= Function problem =

Type of computational problem

In computational complexity theory, a function problem is a computational problem where a single output is expected for every input, but the output is more complex than that of a decision problem. For function problems, the output is not simply 'yes' or 'no'.

== Definition ==
A function problem $P$ is defined by a relation $R$ over strings of an arbitrary alphabet $\Sigma$:

 $R \subseteq \Sigma^* \times \Sigma^*.$

Note that $R$ does not have to be a functional binary relation.

An algorithm solves $P$ if for every input $x$ such that there exists a $y$ satisfying $(x, y) \in R$, the algorithm produces one such $y$, and if there are no such $y$, it rejects.

A promise function problem permits the algorithm to do anything (thus may not terminate) if no such $y$ exists.

== Examples ==
A well-known function problem is given by the functional Boolean satisfiability problem, FSAT for short. The problem, which is closely related to the SAT decision problem, can be formulated as follows:

Given a propositional formula $\varphi$ with variables $x_1, \ldots, x_n$, find an assignment $x_i \rightarrow \{ \text{TRUE}, \text{FALSE} \}$ such that $\varphi$ evaluates to $\text{TRUE}$ or decide that no such assignment exists.

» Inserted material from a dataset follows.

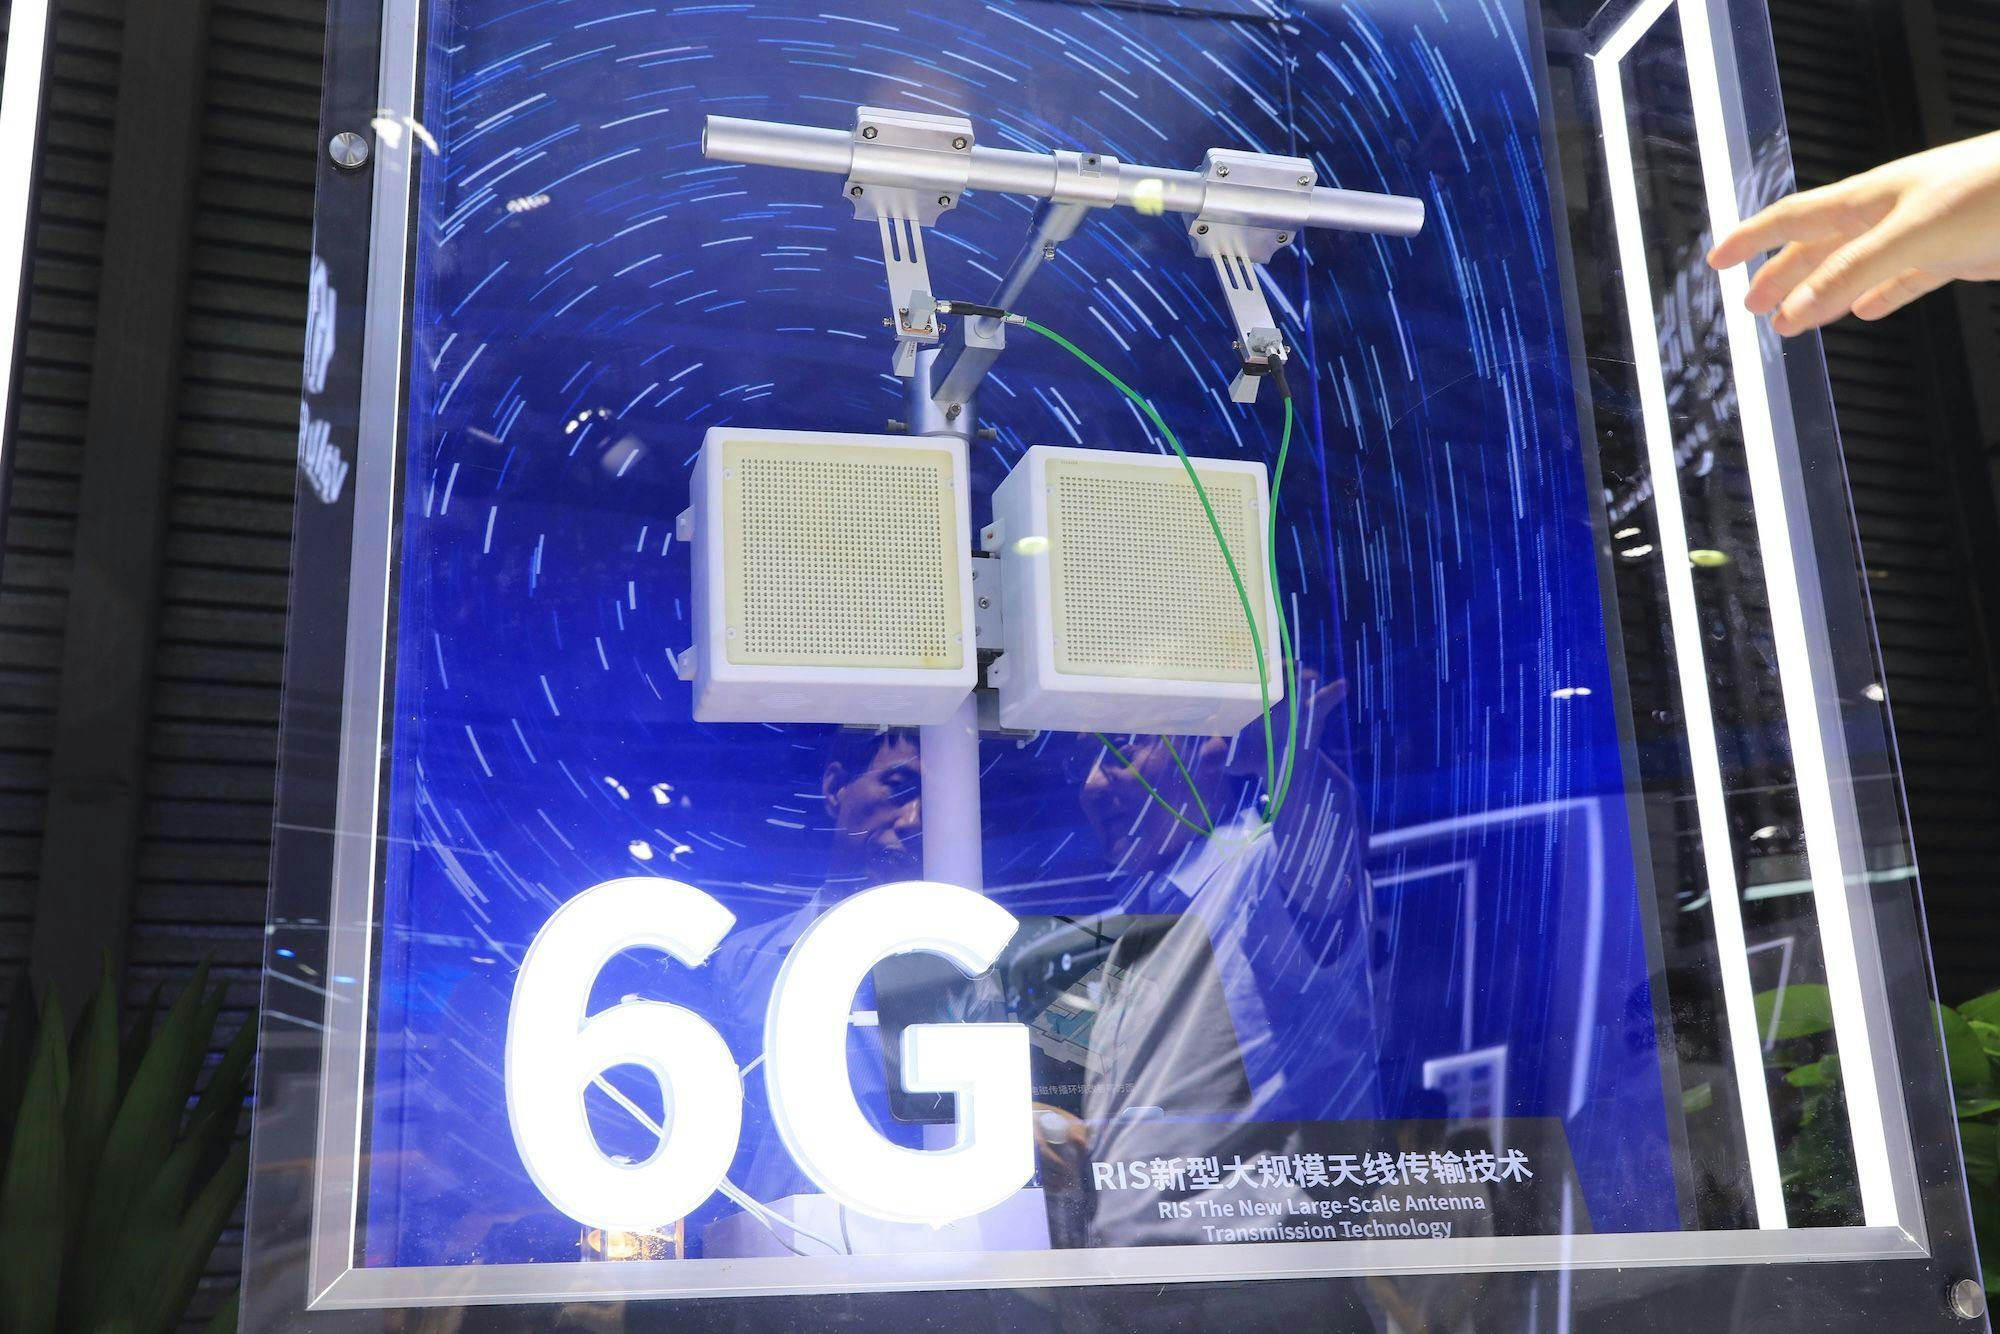 China Technologie, Mobile Netze, Kommunikationstechnologie: 6G RIS New Large-Scale Antenna Transmission Technology wird während des Mobile World Congress (MWC) Shanghai 2023 im Shanghai New International Expo Centre (SNIEC) vorgestellt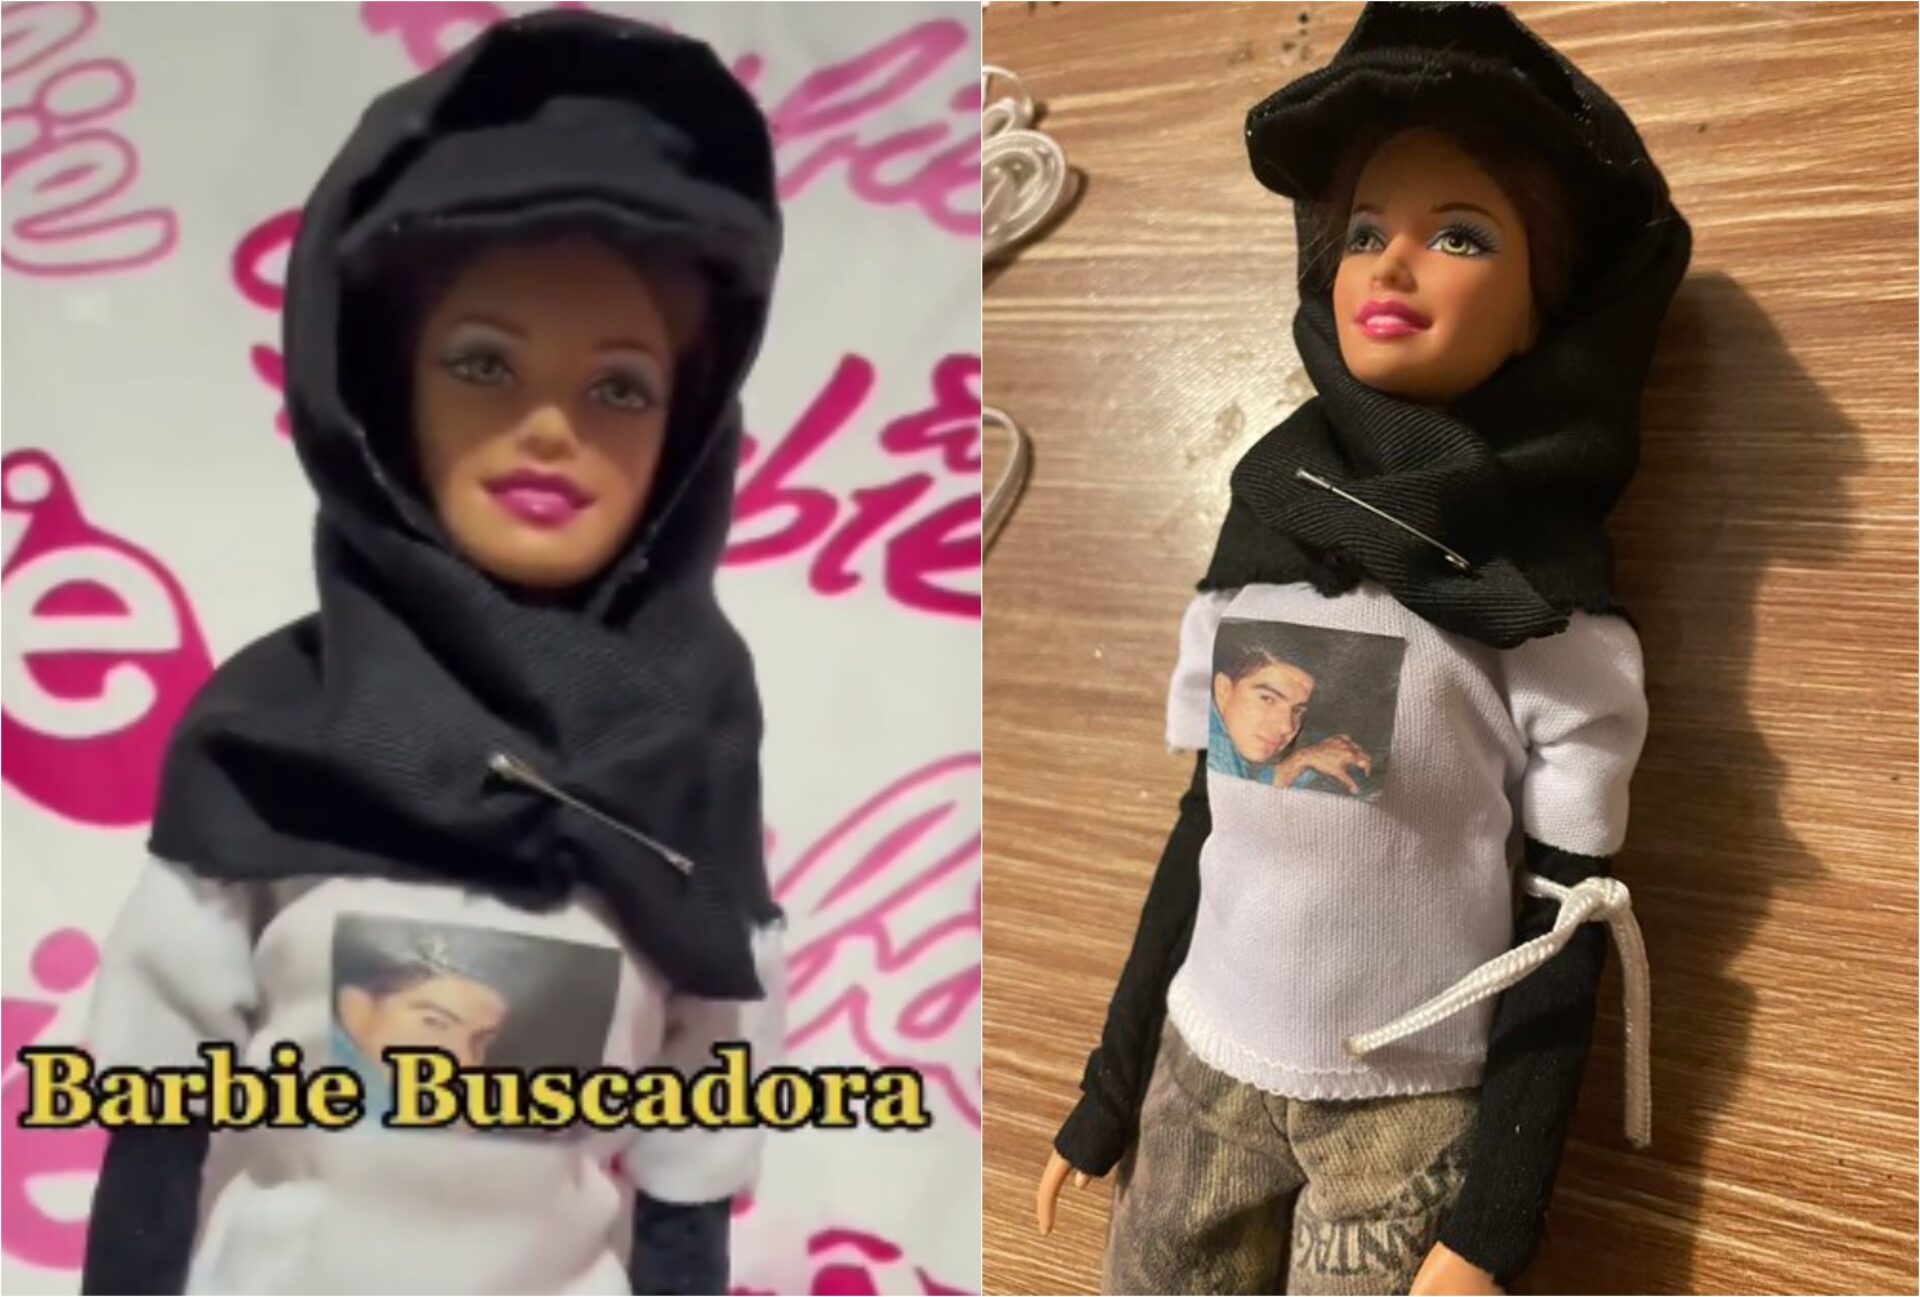 Colectivos rechazan a la ‘Barbie Buscadora’: no normalicemos buscar desaparecidos

In this case the relation $R$ is given by pairs of suitably encoded propositional formulas and satisfying assignments.
While a SAT algorithm, fed with a formula $\varphi$, only needs to return "unsatisfiable" or "satisfiable", an FSAT algorithm needs to return some satisfying assignment in the latter case.

Other notable examples include the travelling salesman problem, which asks for the route taken by the salesman, and the integer factorization problem, which asks for the list of factors.

== Relationship to other complexity classes ==
Consider an arbitrary decision problem $L$ in the class NP. By the definition of NP, there is a system of certificates such that each problem instance $x$ that is answered 'yes' has a polynomial-size certificate $y$ that serves as a proof for the 'yes' answer (and problem instances answered 'no' have no such certificates). Thus, the set of these pairs $(x,y)$ forms a relation, representing the function problem "given $x$ in $L$, find a certificate $y$ for $x$". This function problem is called a function variant of $L$; it belongs to the class FNP.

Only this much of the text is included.